BTN_TRIGGER = (data[1] & 0x20));
BTN_A1 = (data[0] & 0x04));
BTN_A2 = (data[0] & 0x02));
BTN_B1 = (data[1] & 0x04));
BTN_B2 = (data[1] & 0x02));
BTN_C1 = (data[1] & 0x80));
BTN_C2 = (data[0] & 0x08));
BTN_JOY_A = (data[2] & 0x80));
BTN_JOY_B = (data[2] & 0x40));
The Joystick axes are also easy to work out, moving the joysticks one axis at a time shows that there is only 1 byte the changes. The unsigned bytes center to 127 and go from 0 to 255, this means that each axis for the joystick is a signed char.
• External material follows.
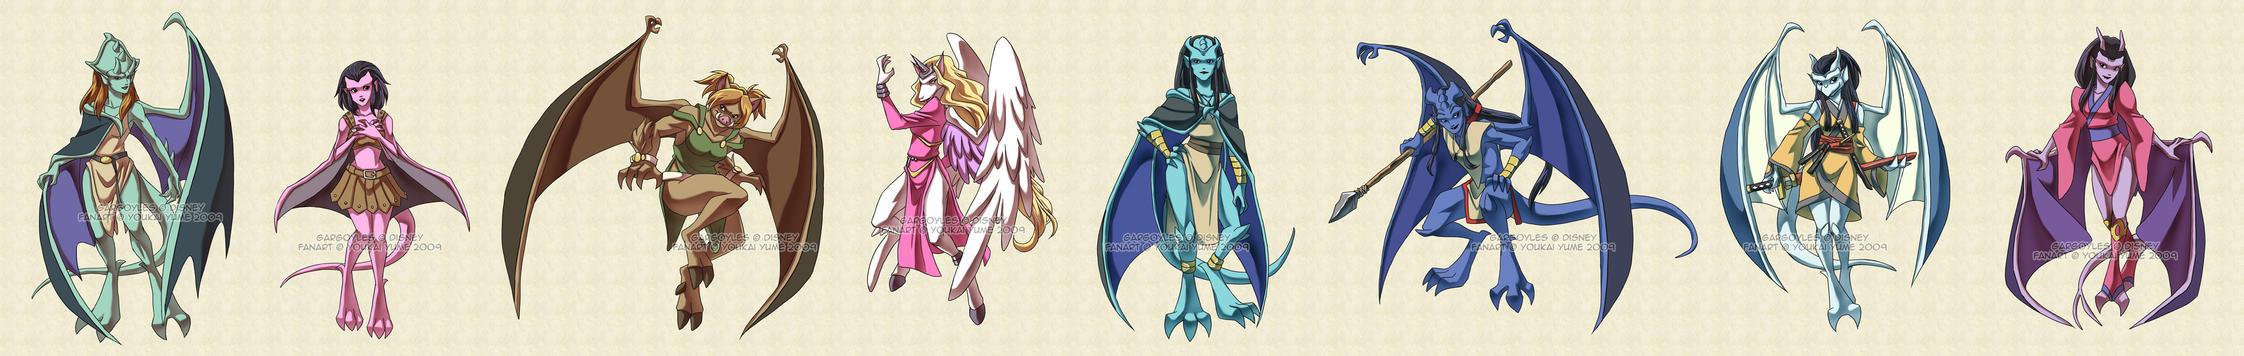 Gargoyles: Gar-girls 2 by YoukaiYume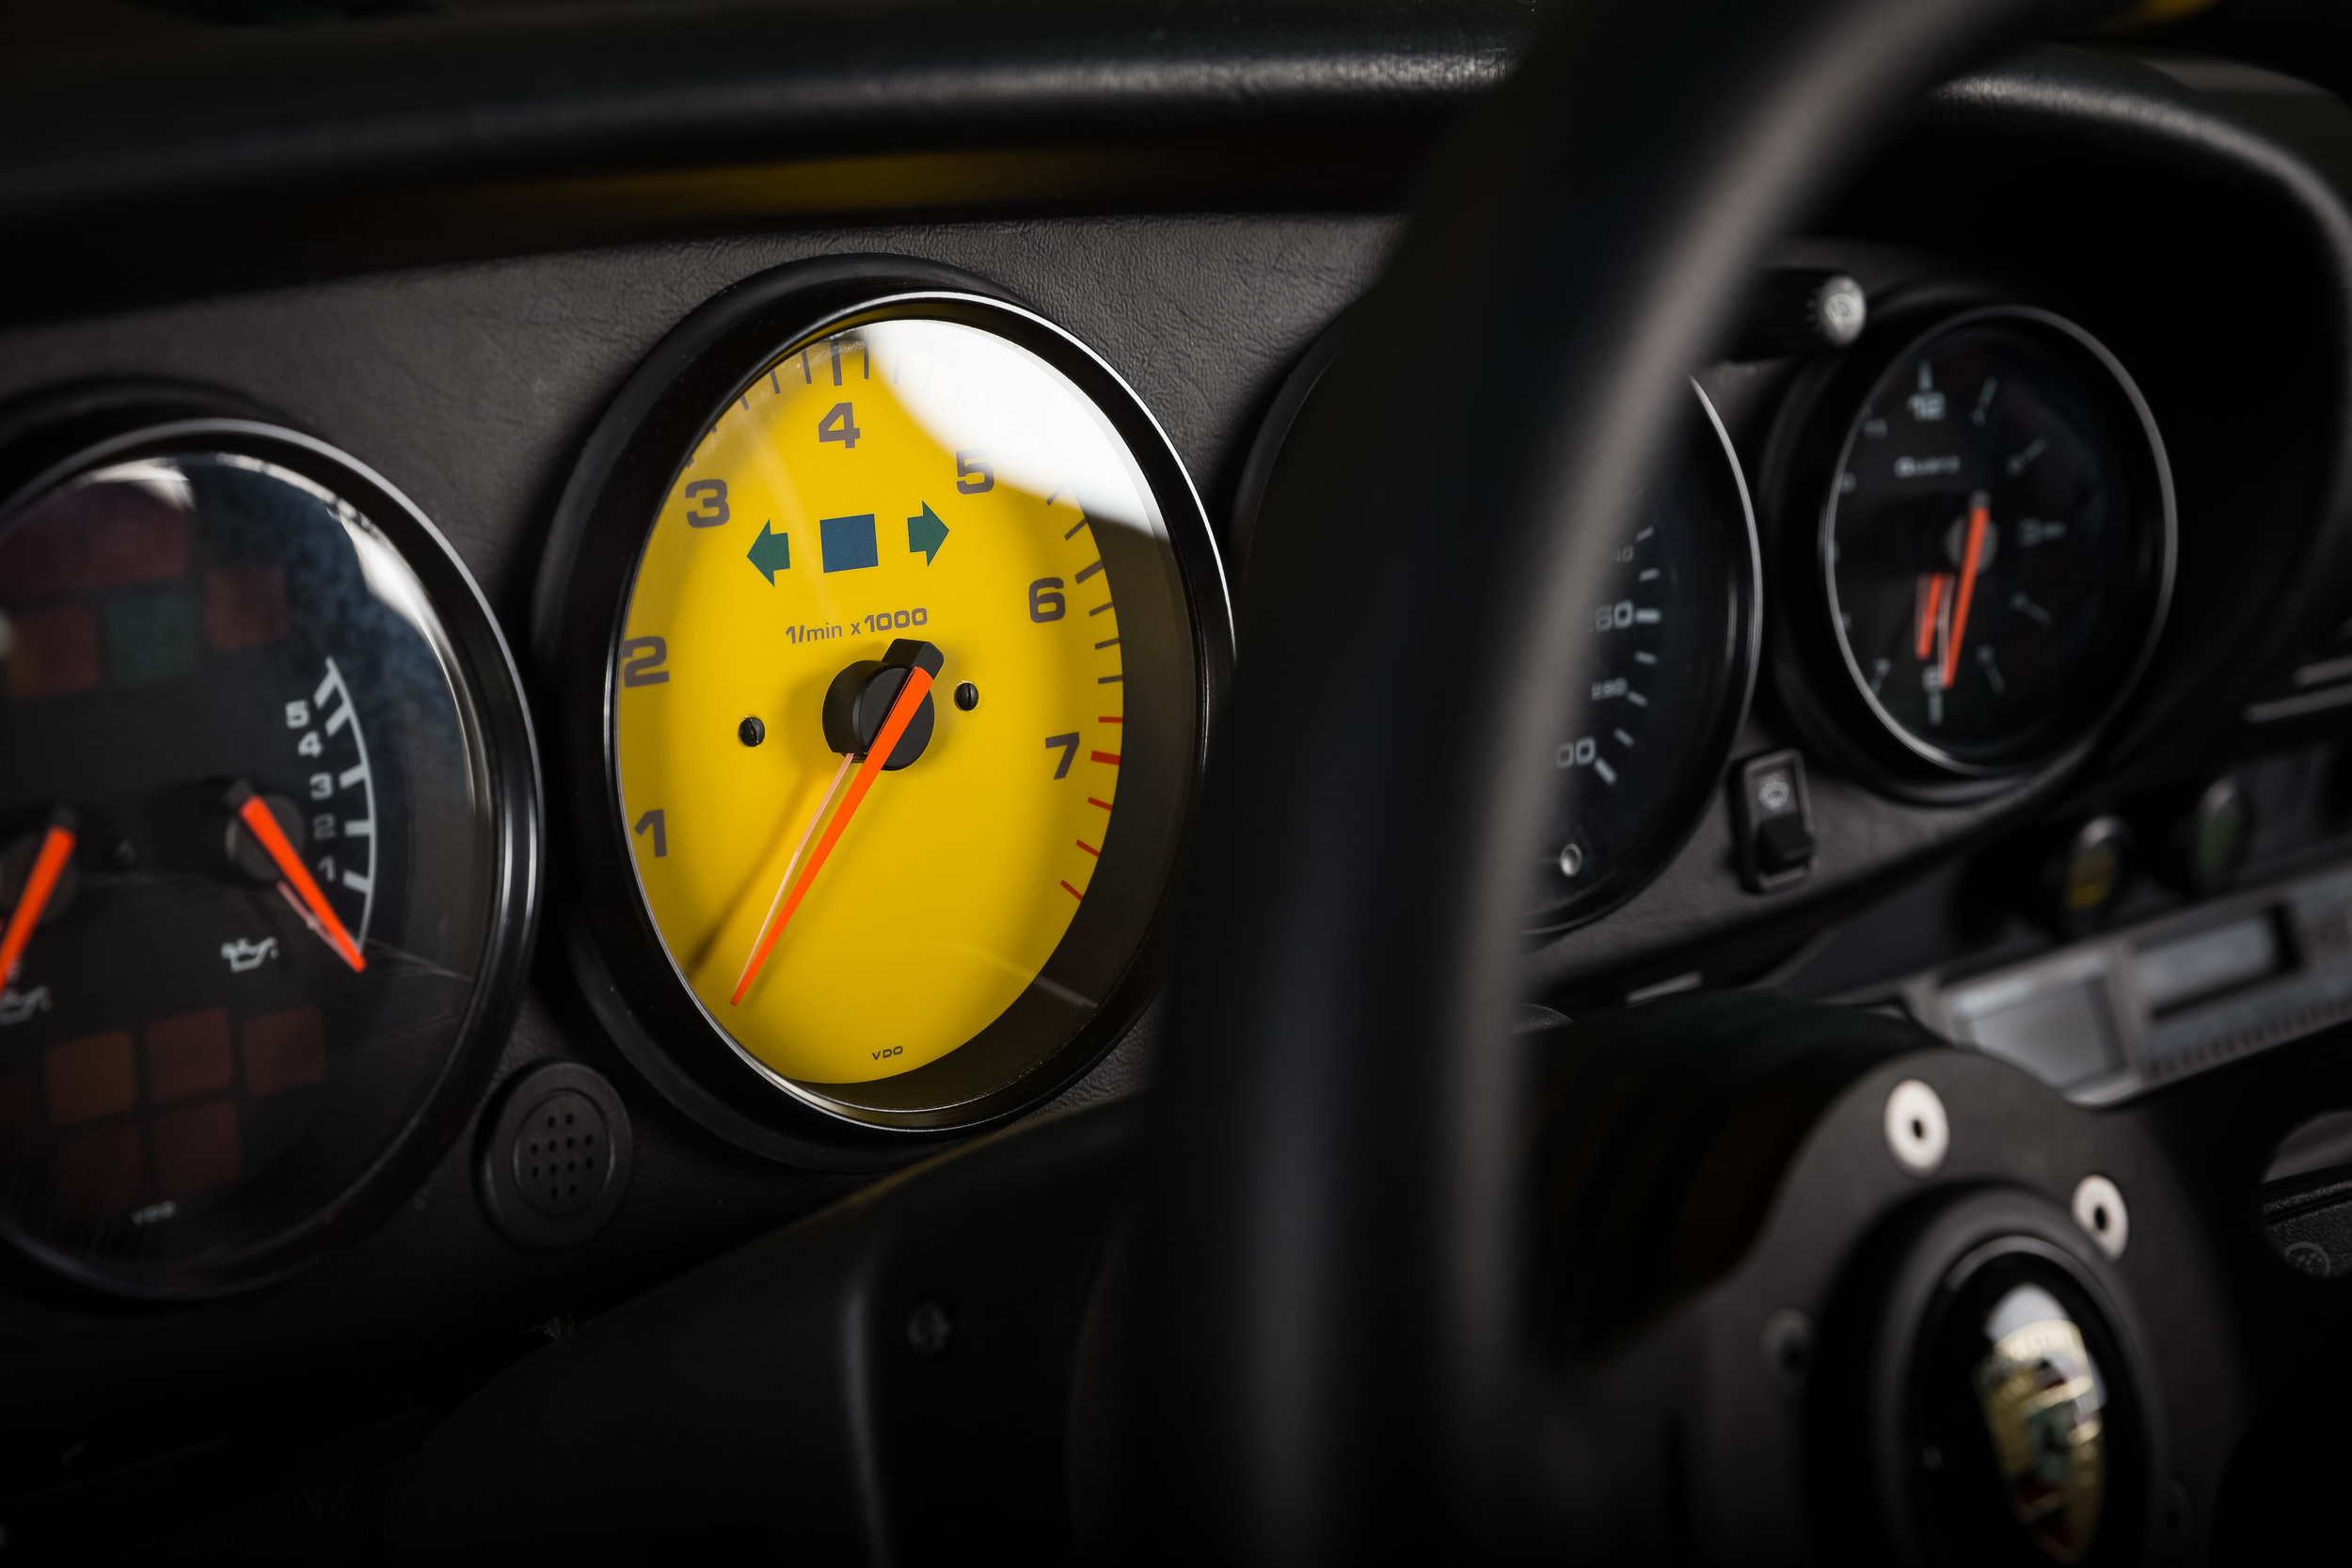 RWB Porsche Toronto n01_Lenssen-84.jpg

JOY_A_X = (int8_t)data[11]
JOY_A_Y = (int8_t)data[12];
JOY_B_X = (int8_t)data[9];
JOY_B_Y = (int8_t)data[10];
The last piece of the puzzle is the aiming, pointing the gun around at the IR LEDs sees the remaining 6 bytes changing. With some trial and error I found there are 3 shorts, two of which correspond roughly to left/right and up/down movement of the gun and the other corresponds roughly to the distance from the sensors to the guns. I say roughly because there are maximum and minimum values, and it depends on the size of your TV and how far apart the sensors are. There is a need for some calibration as the IR LEDs can be placed at different distances, the extra value sent by the Guncon is probably used to adjust the other values and as a reference for the calibration.
AIM_X = ((short)data[4] << 8) | (short)data[3];
AIM_Y = ((short)data[6] << 8) | (short)data[5];
AIM_Z = (data[8] << 8) + data[7]
I really wanted to use this light gun in MAME for all the old arcade shooting games, so I wrote a kernel module so that it will work as a joystick. I haven't really done much kernel programming before and nothing to do with the joydev
module, I based my module heavily on other already existing modules including the xpad
and guncon2
modules. There are known bugs and omissions, you may have noticed there was not information about how the key was generated - I am currently using a fixed key that works with the two Guncon 3 guns that I have.
There also appears to be a strange bug where 100s of button presses being generated when the joysticks are held in a specific position, I have yet to track it down. It doesn't appear to be generated by the Guncon, as the raw data remains stable and I believe there is a bug in my kernel module code :)
There is also no way to calibrate the aiming for the gun and it is not perfect, but should work OK if you are able to position the IR LEDs as far apart as they go and use the gun at a 2-3m distance from the LEDs. I plan continue updating the kernel module for the Guncon 3 and I hope that other people will be interested enough to help out :)
This information is provided for educational and interoperability purposes.